Top of Source material
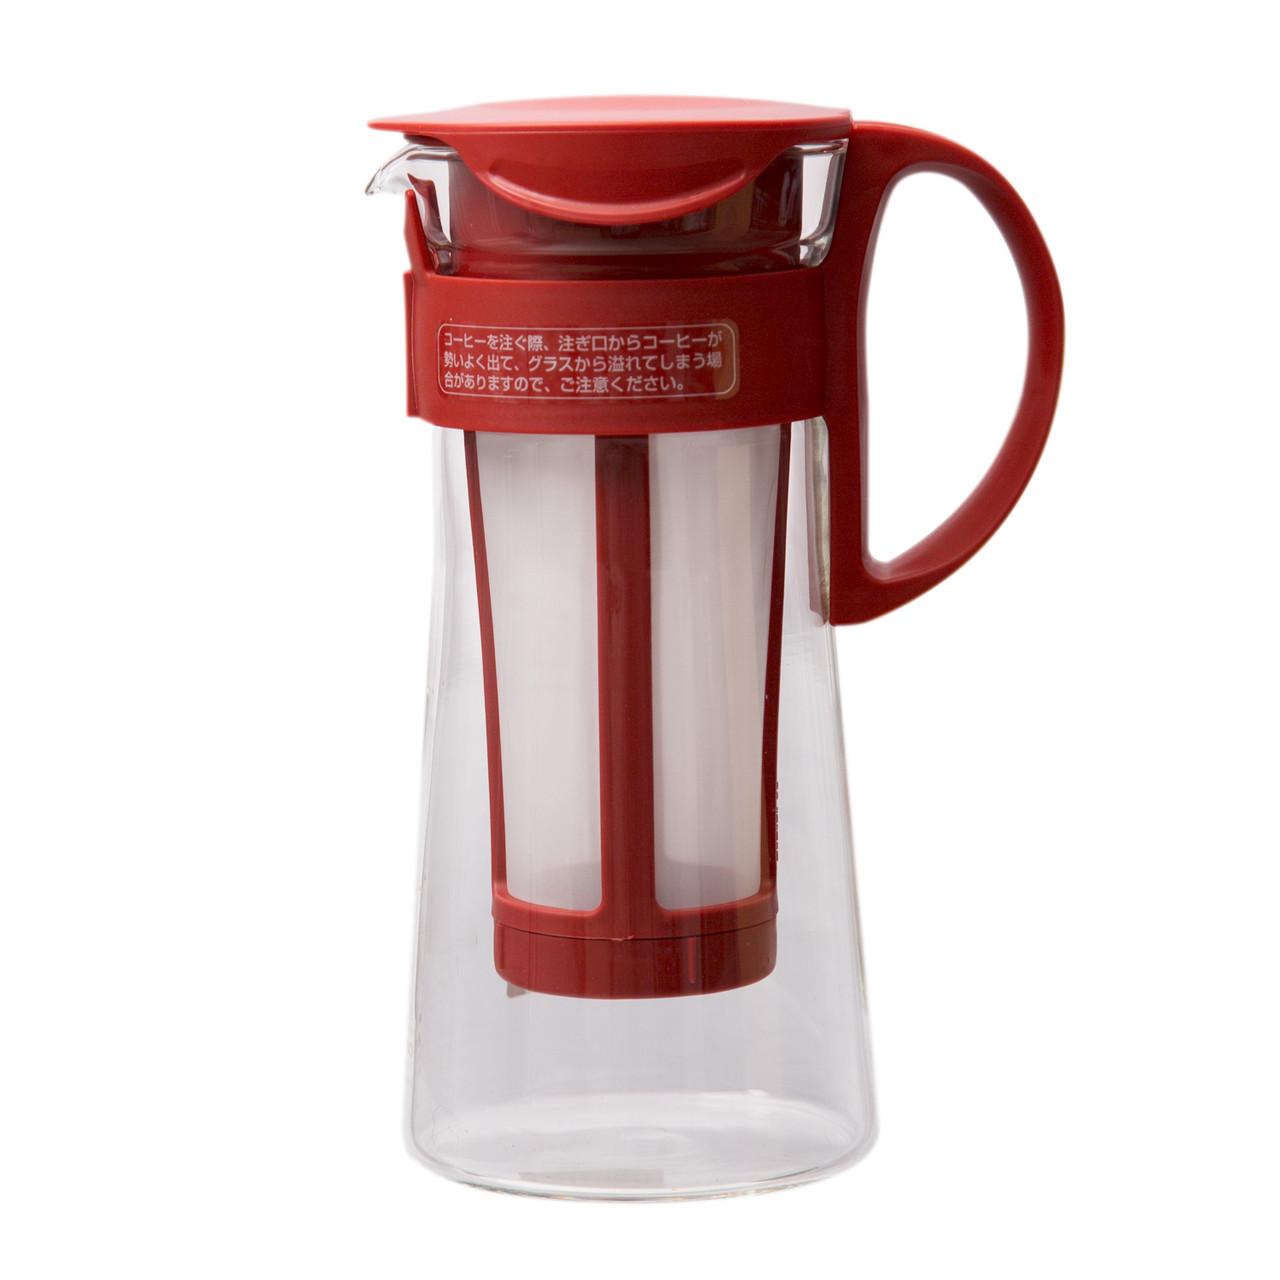 Cold Brew Coffee Pot
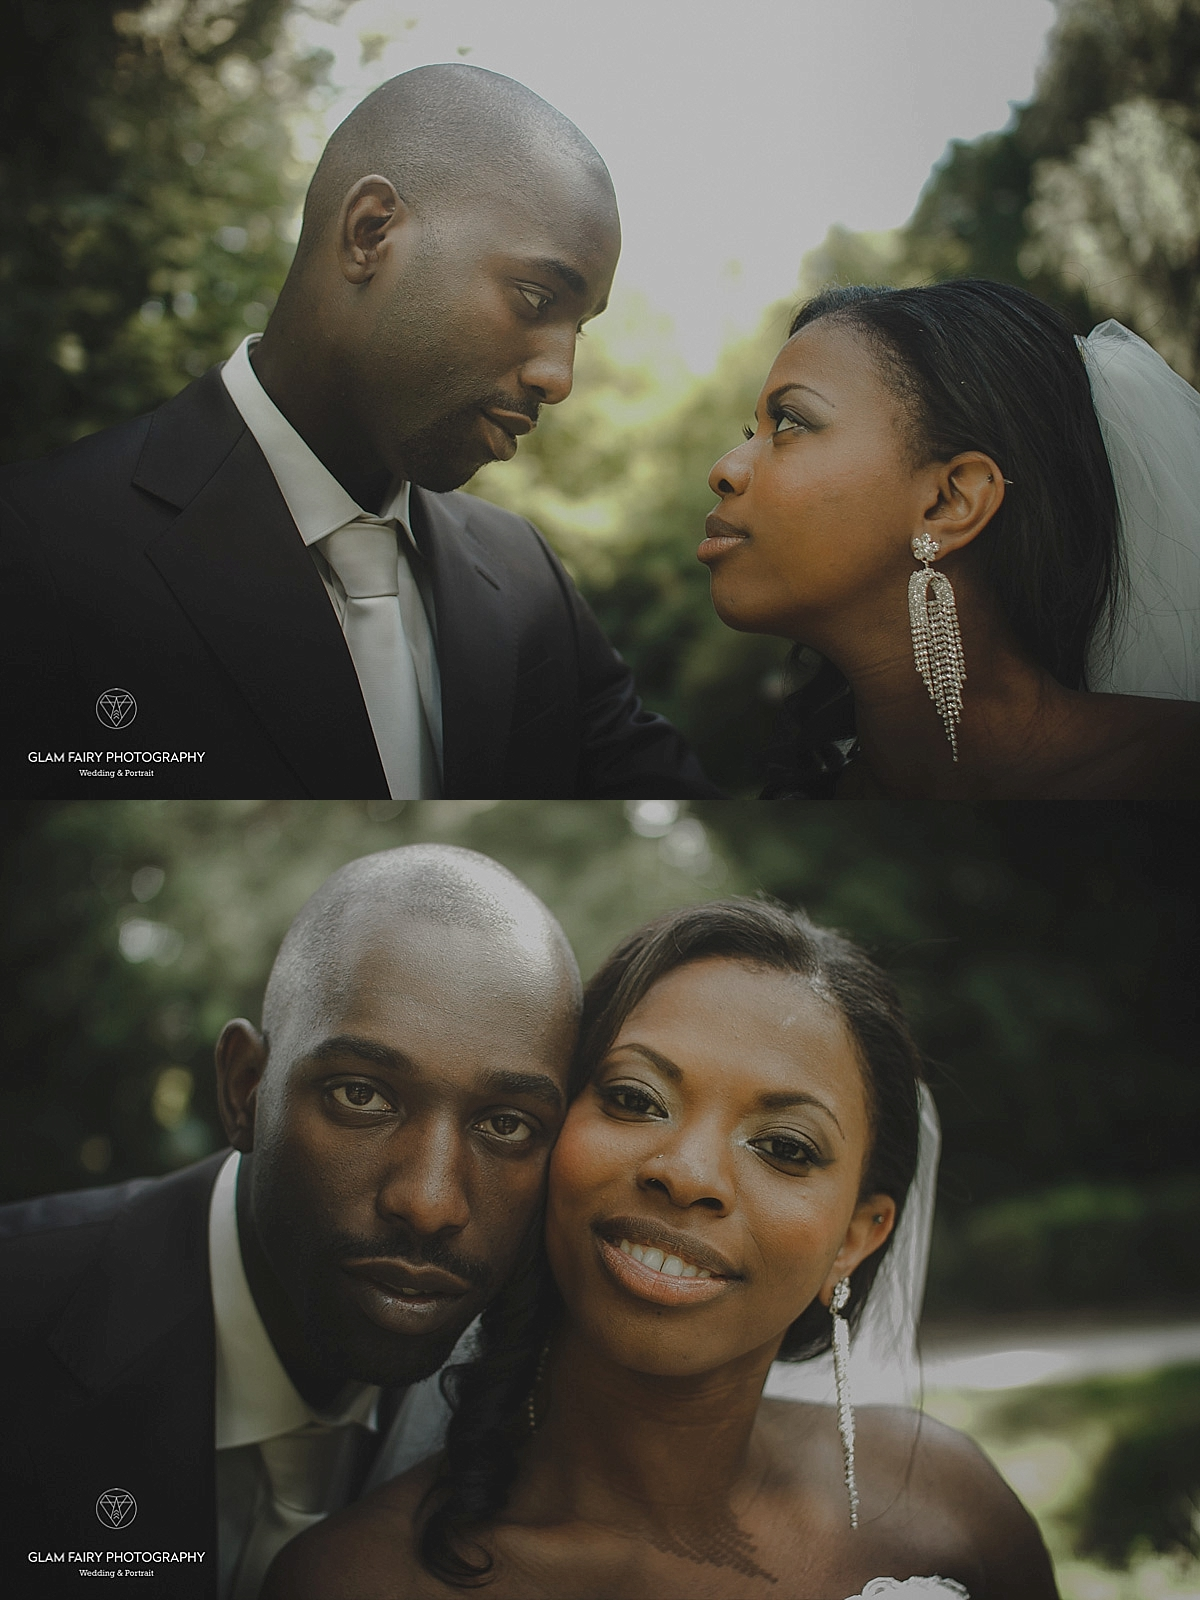 GlamFairyPhotography-mariage-afro-antillais-orsay-candy_0023
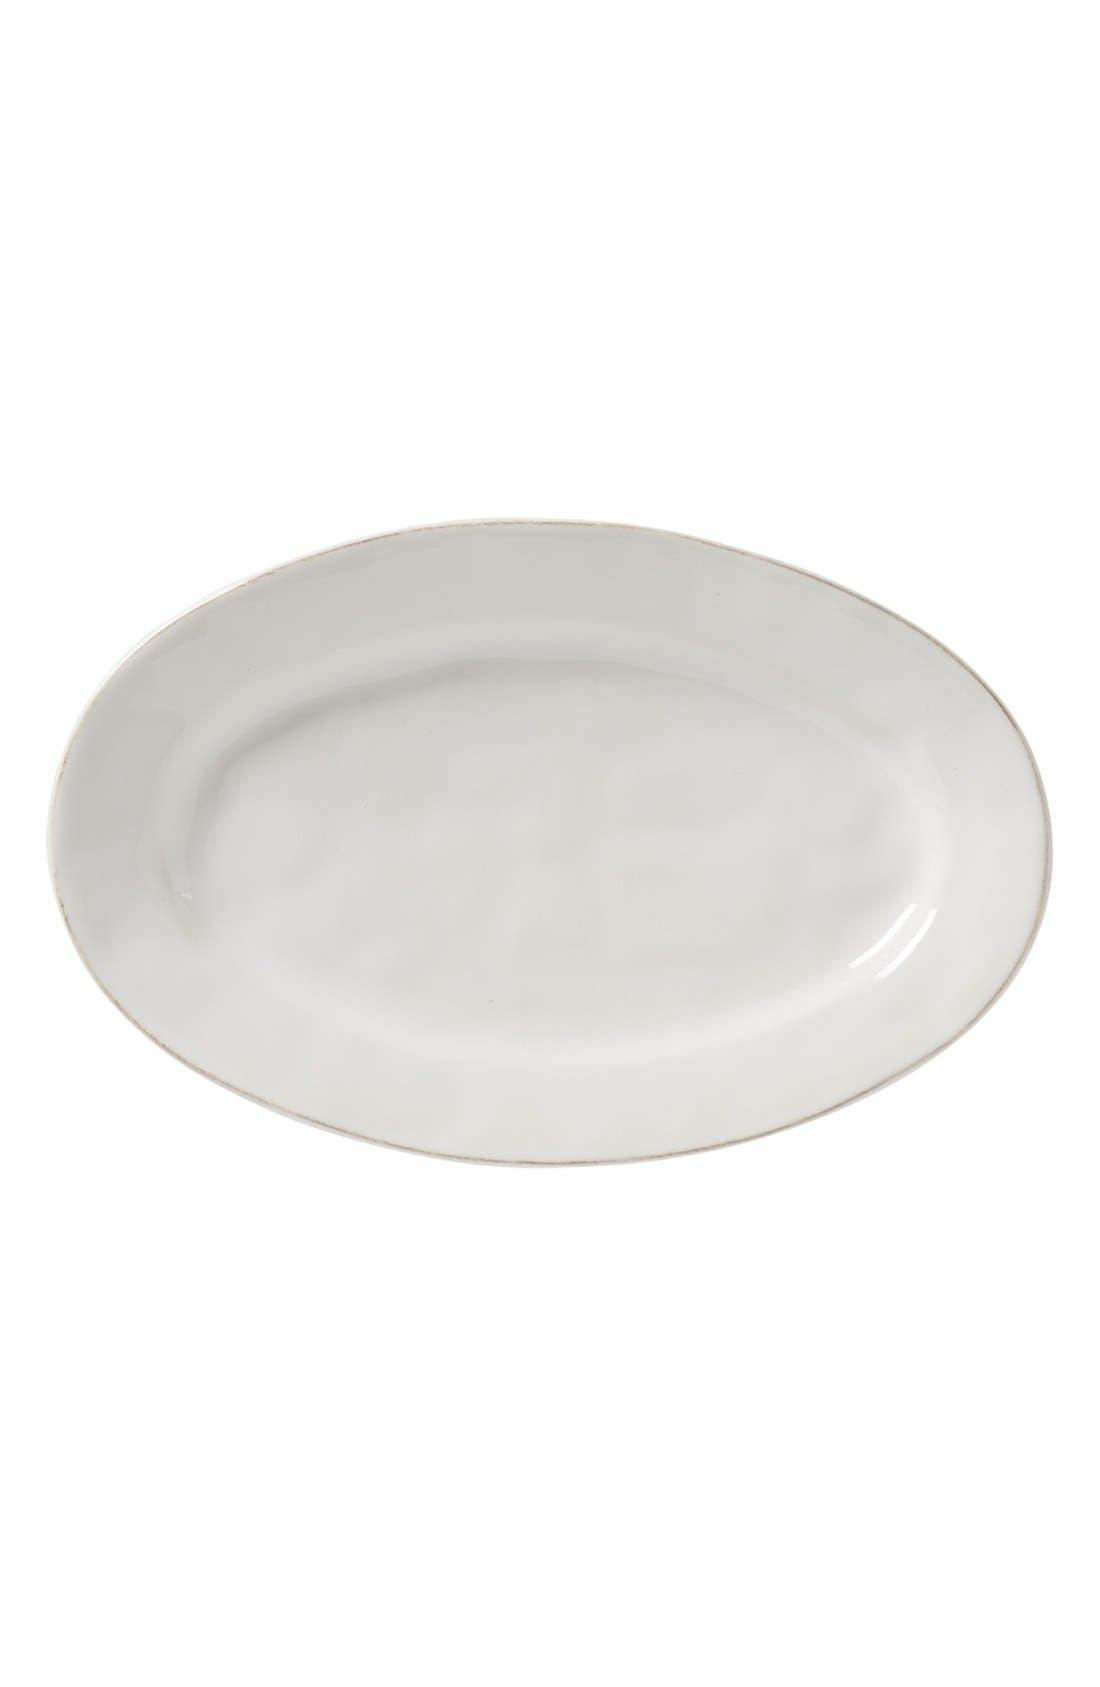 'Puro' Oval Platter,                         Main,                         color, White
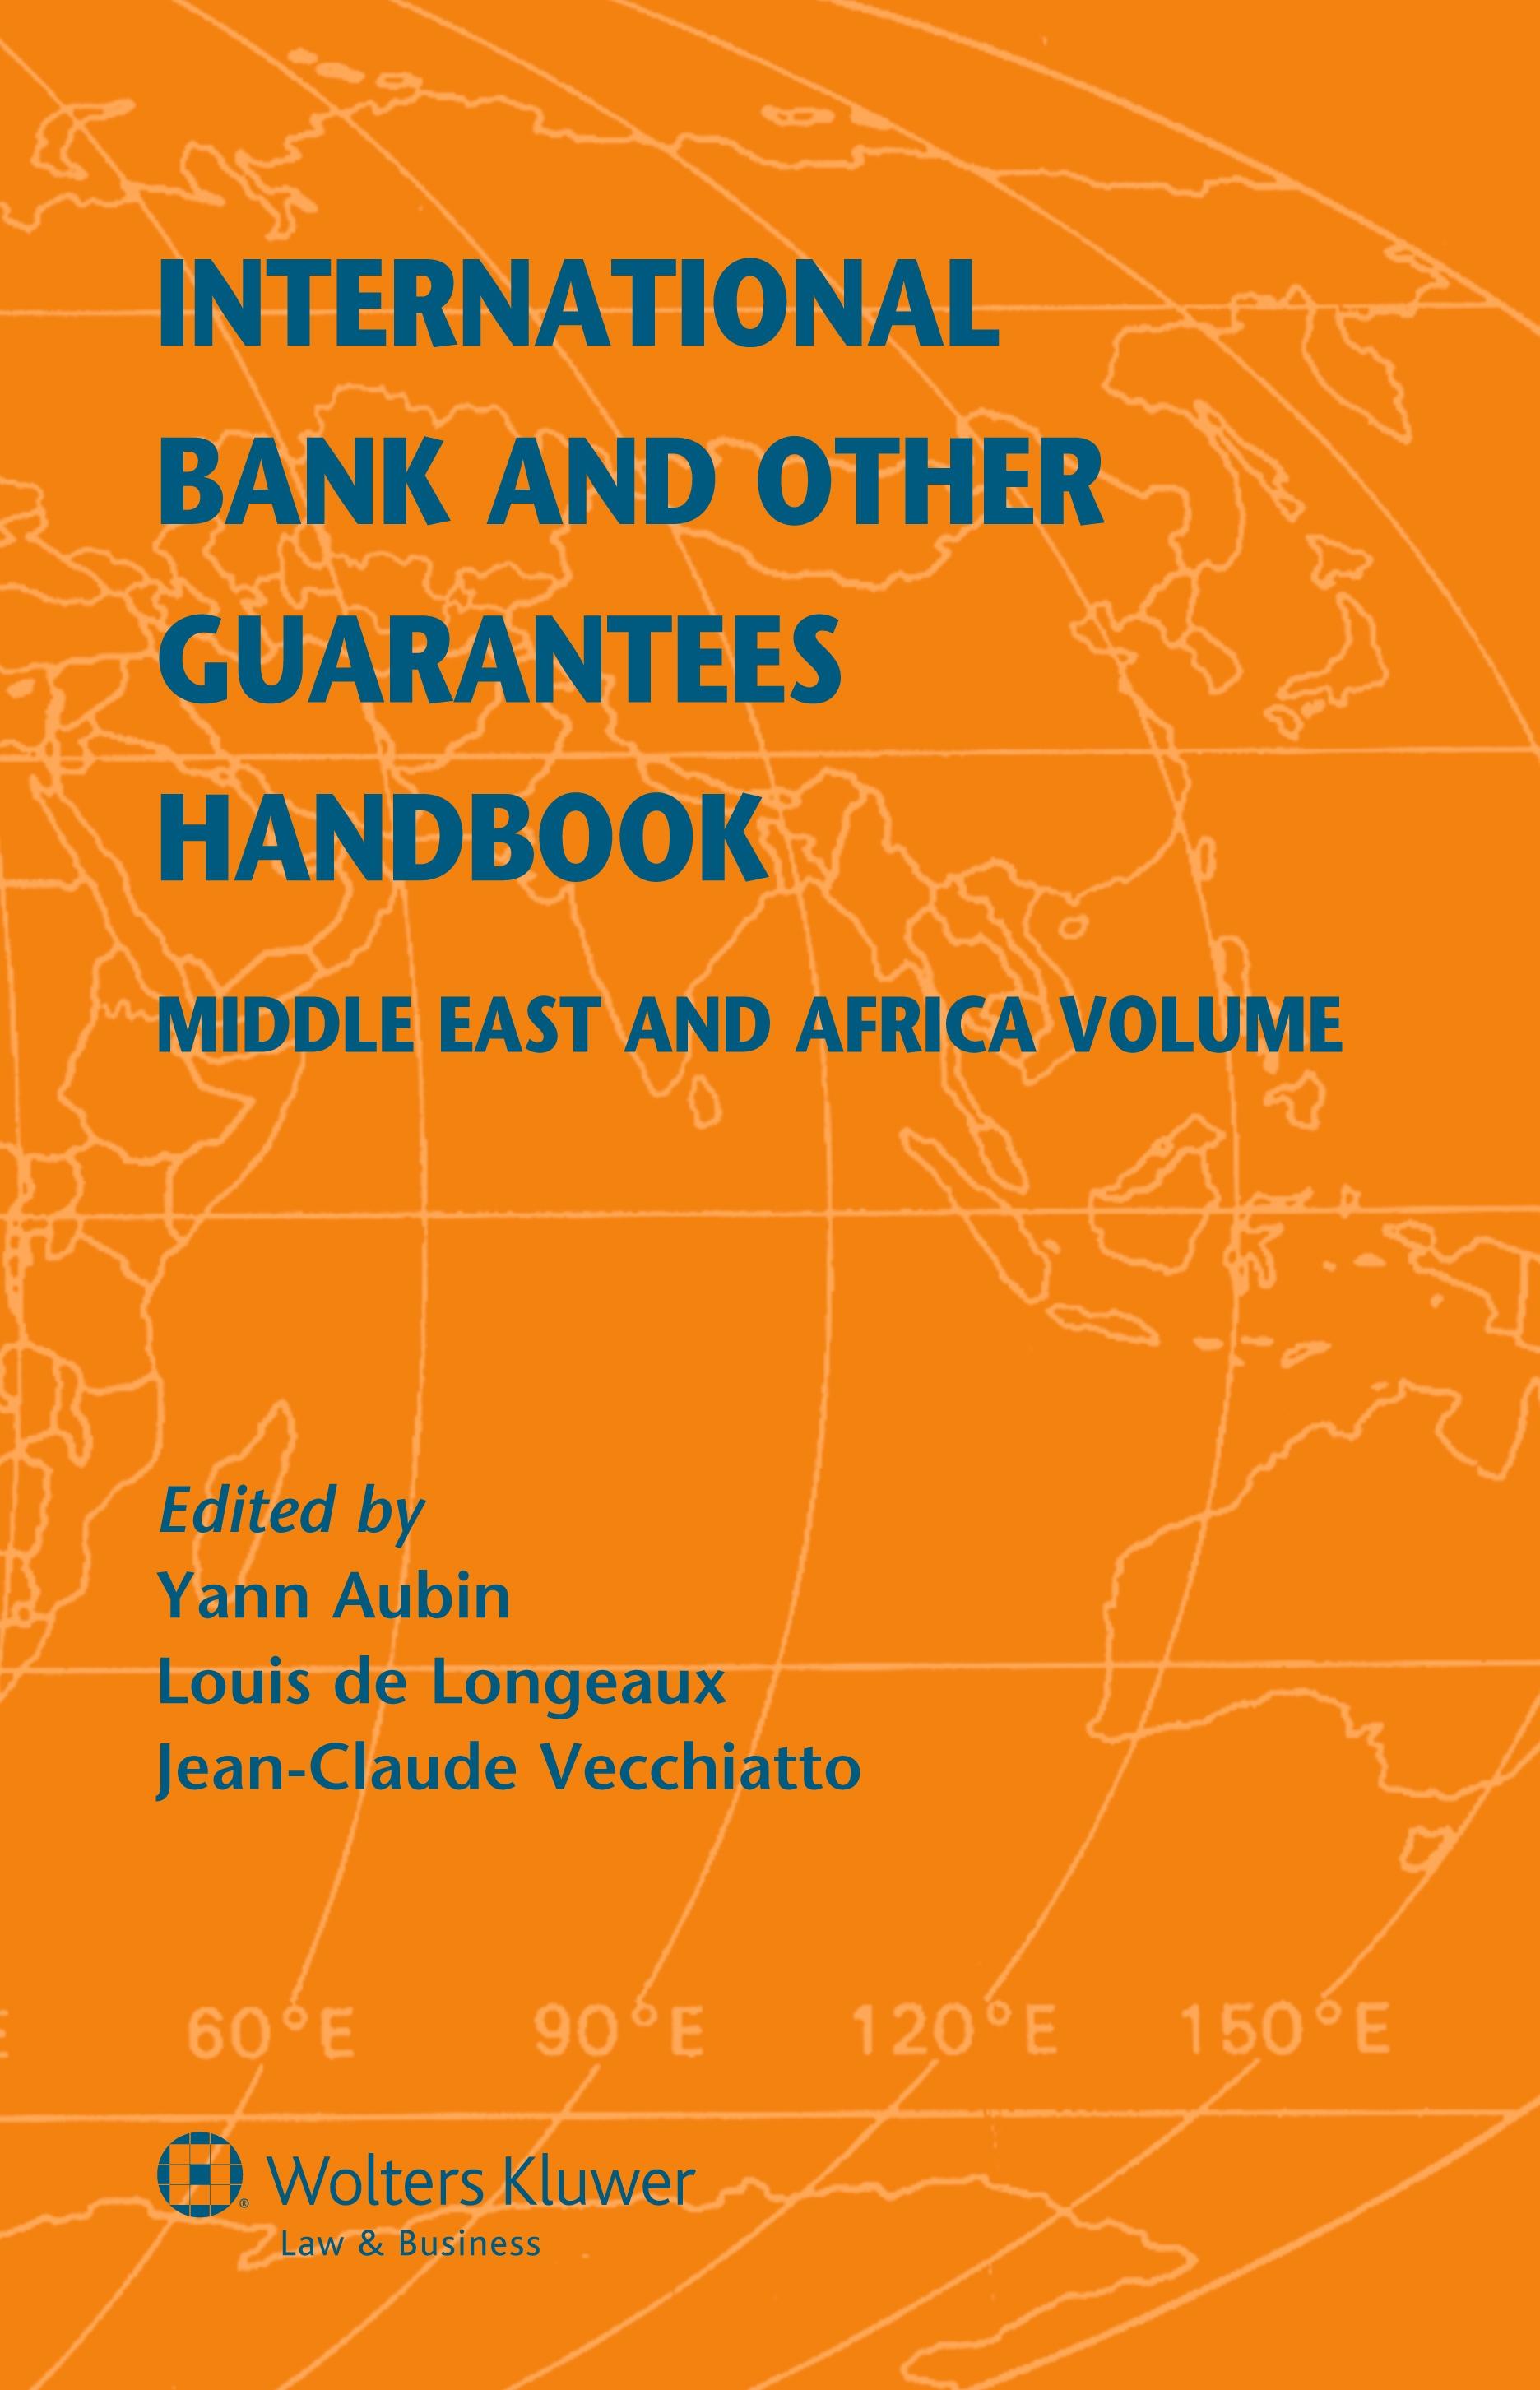 International Bank and Other Guarantees Handbook
Bottom of Source material
**Your instructions:** Retype the data word for word, please, and keep the images out.

**Result for this exercise:**
 Cold Brew Coffee Pot
 GlamFairyPhotography-mariage-afro-antillais-orsay-candy_0023
 'Puro' Oval Platter,                         Main,                         color, White
 International Bank and Other Guarantees Handbook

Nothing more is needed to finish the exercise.